I carefully grill him. 'What makes you think you love her ?'
He shoots back his typical hurried glance at me. There are faint signs of a sudden surge behind his eyes. That impugned temper again. But he's too drained to summon it. I imagine what Amar must look like when he's fuming. I persist. 'I think its a fallacy that you guys are living in. Ask yourself'
Amar turned his head towards the distant boulevard. He spoke without looking back.
'When I hear her speak, I almost instantaneously conclude that I am born to belong to her. That I could devote my whole existence to her in an eye blink. She speaks with such absolute certainty that it right away catches me wordless, cages me to her will. The consequence she wields on my will is astounding. I know I give her a hard time with my fickleness yet something about her inspires stability in me. She brings out a form of me which even I didn't know existed till she walked into my life. That form of me is content, in peace, believes in forgiving, and has an enthusiasm for life. If only I were different than I am, if only I could submit completely, bind myself to her in entirety, follow her like the springs seek the seas. If only I could surrender to that elusive composure.'
I remain mute. Don't want to interrupt his catharsis. He closes his eyes and resumes.
'You know Anupam, she's my reflection, I'm her shadow. I see her catching my movements, my motives, my expressions and I'm inseparable from her, even if she wants it or not. Its nature. Its inevitable. I drown myself completely in her essence. If only somehow, I could find a way to be with her. Its harrowing to be loved by her, embraced by her, only in my imagining. It is beyond what I am capable of holding down. I am thinking about her all the time. Not a moment passes by without me imagining in what ways I would hold her close to my body. She'll always feel my love but perhaps never know of my longing.'
'Don't you think you should handle this with maturity. I mean obviously you two are worlds apart in time and distance. When the sun sets here, she's probably having her brunch and her evening begins when the world here has long slipped onto bed. So why not handle the situation with that consciousness within.' I retort, unable to hold back.

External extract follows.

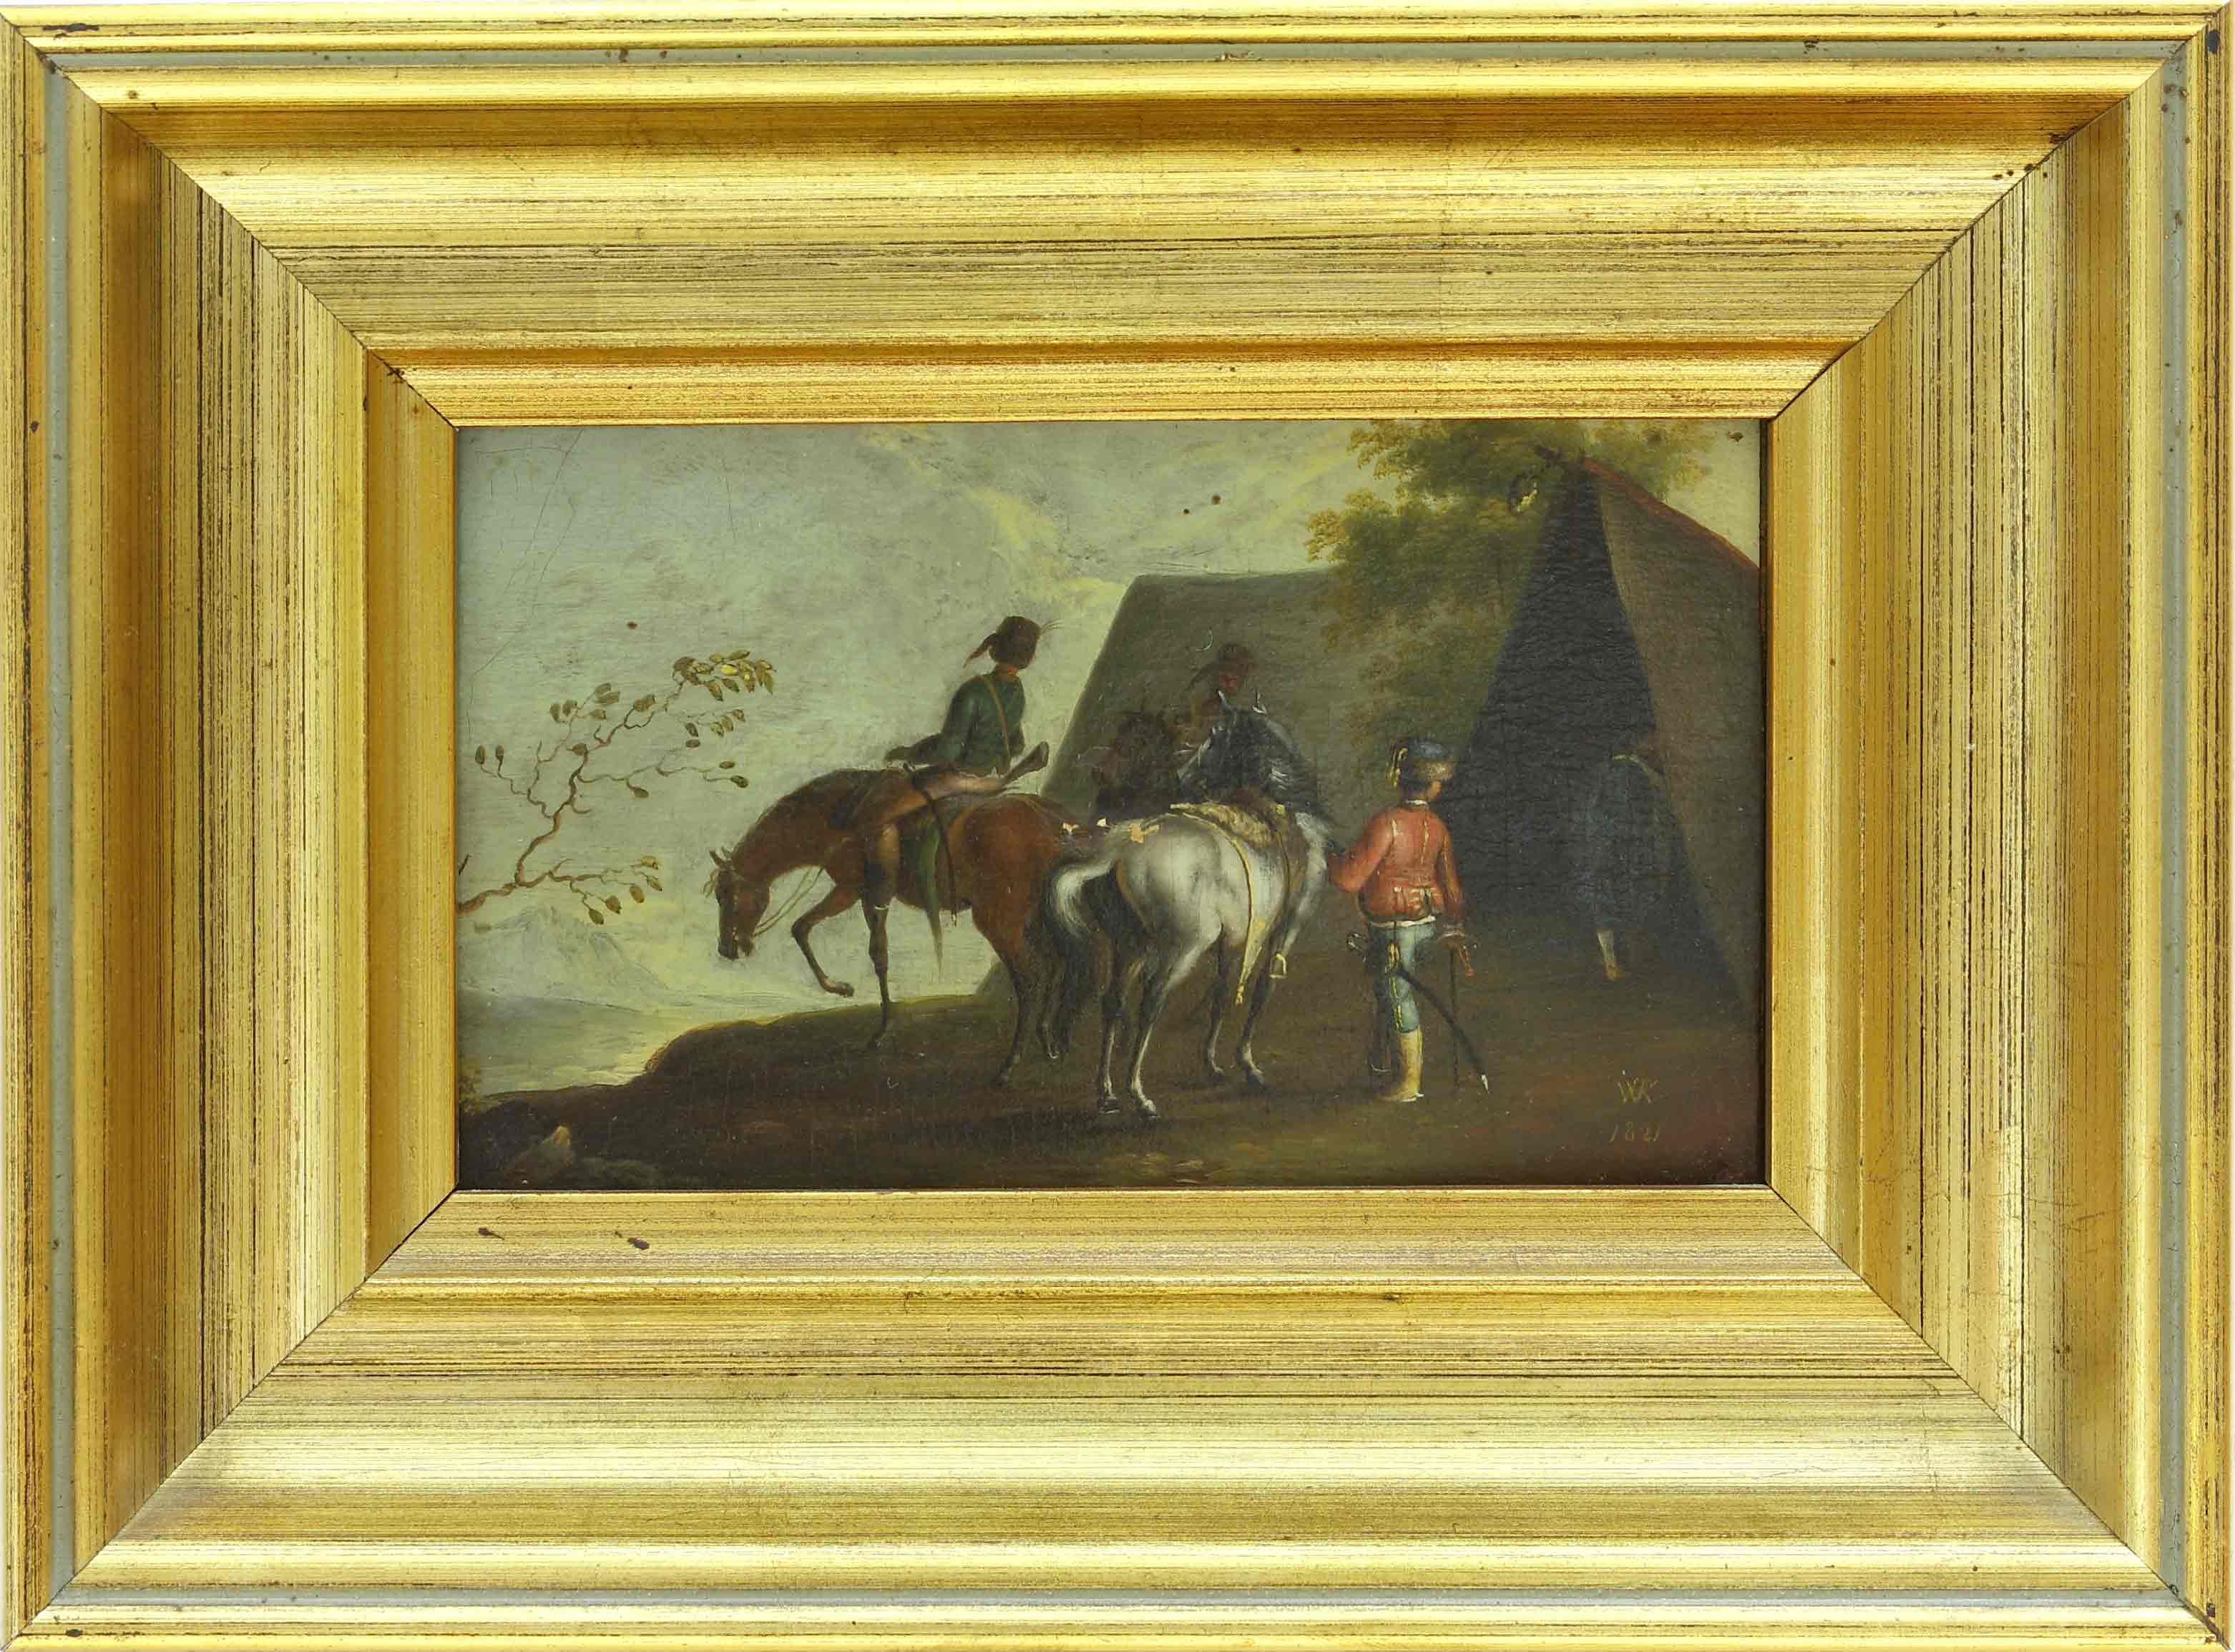 Auktionshaus Quentin Berlin  Gemälde Kobell  Wilhelm von (1766 Mannheim - 1855 MÃ¼nchen) zugeschr. Schlachtenszene.  Reitergruppe vor einem Zelt. 1821. GegenstÃ¼cke. Ãl auf Papier 
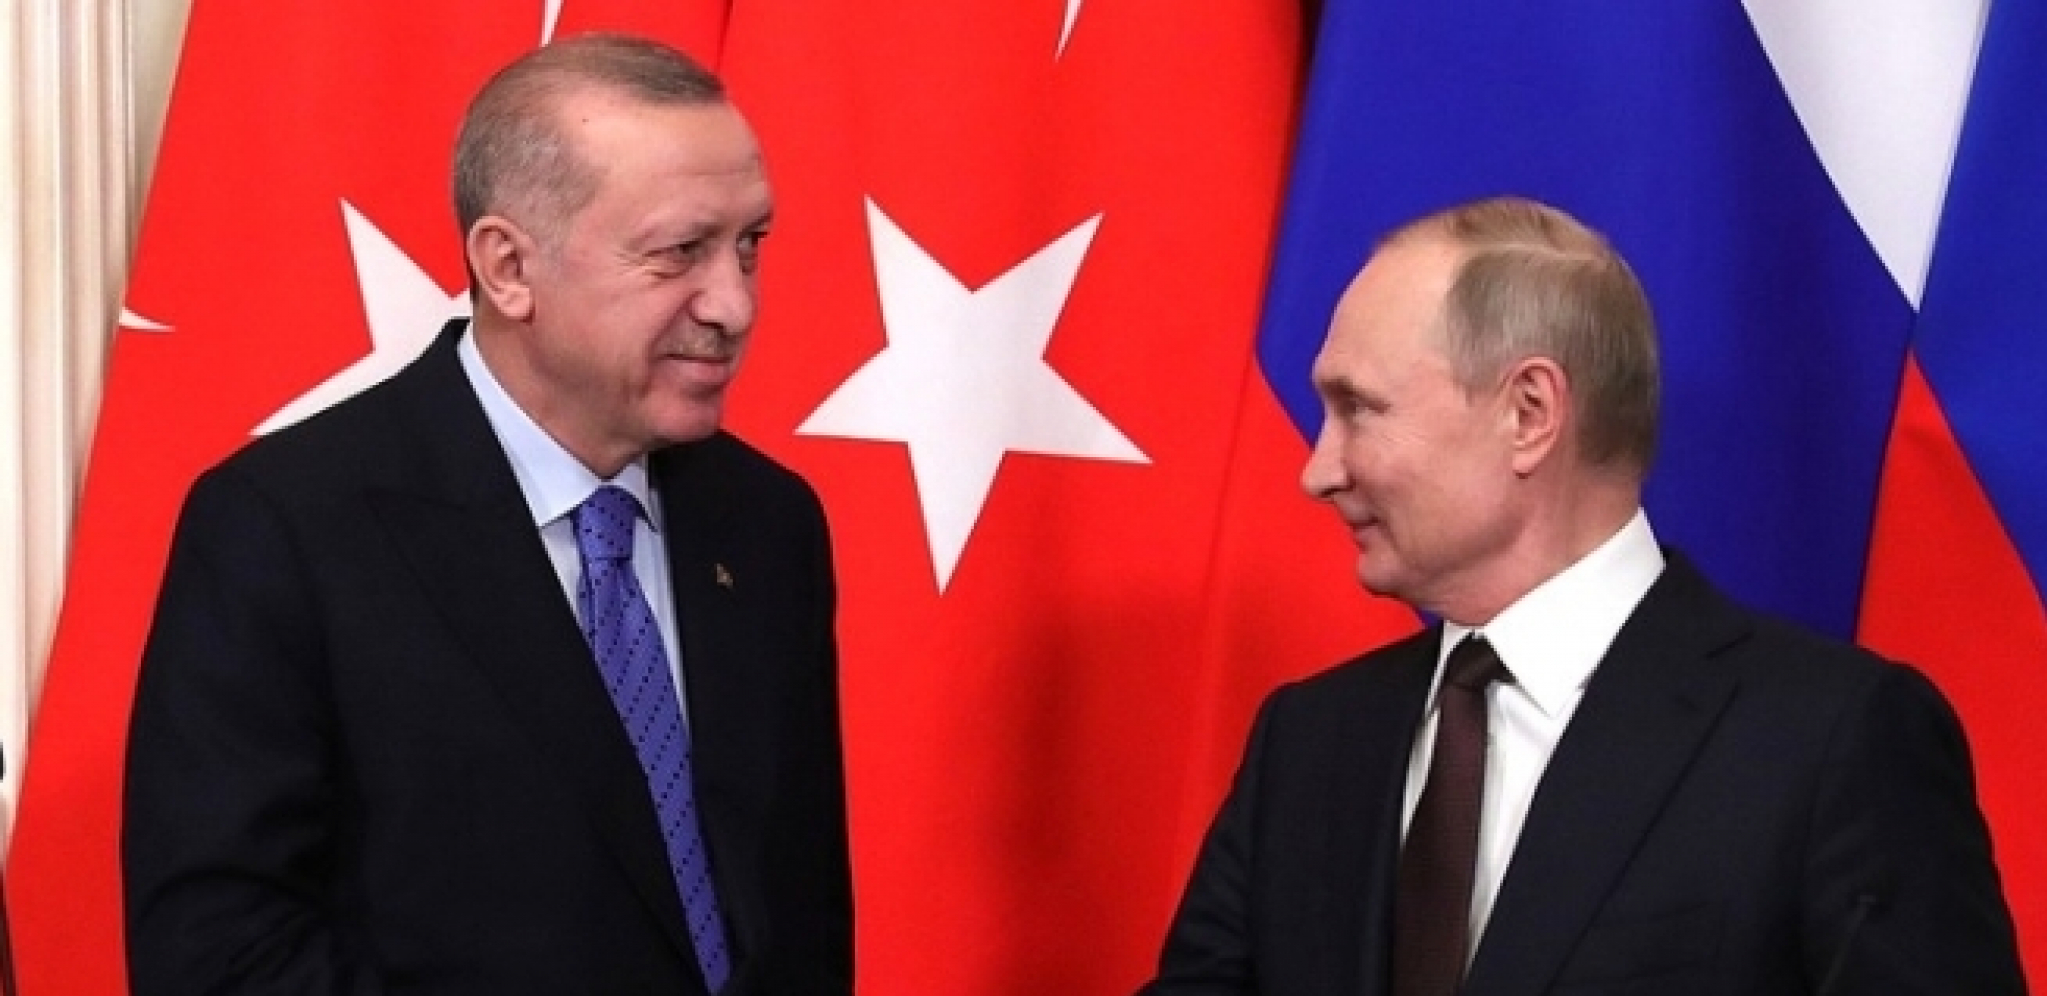 BEZBEDNOST NA PRVOM MESTU: Putin i Erdogan na korak od postizanja velikog strateškog sporazuma

'I know. But have you ever waited for something so long before realizing that nothing, no force, no formula, no logic, no sermon of right and wrong can restrain you from seeking to attain it with finality and with certainty. Every drop of your blood coursing in your veins implores you to unite with it. And until you do it, you keep getting torn bit by bit. 'As a famous writer once put it 'to not be able to love the one you love is to have your life wrenched away'. I mean, you're amiable now and irritable the next moment. The ache leaves you momentarily only to return with renewed force. As your soul searches for her, its her and only her words of reassurance which can calm your rage.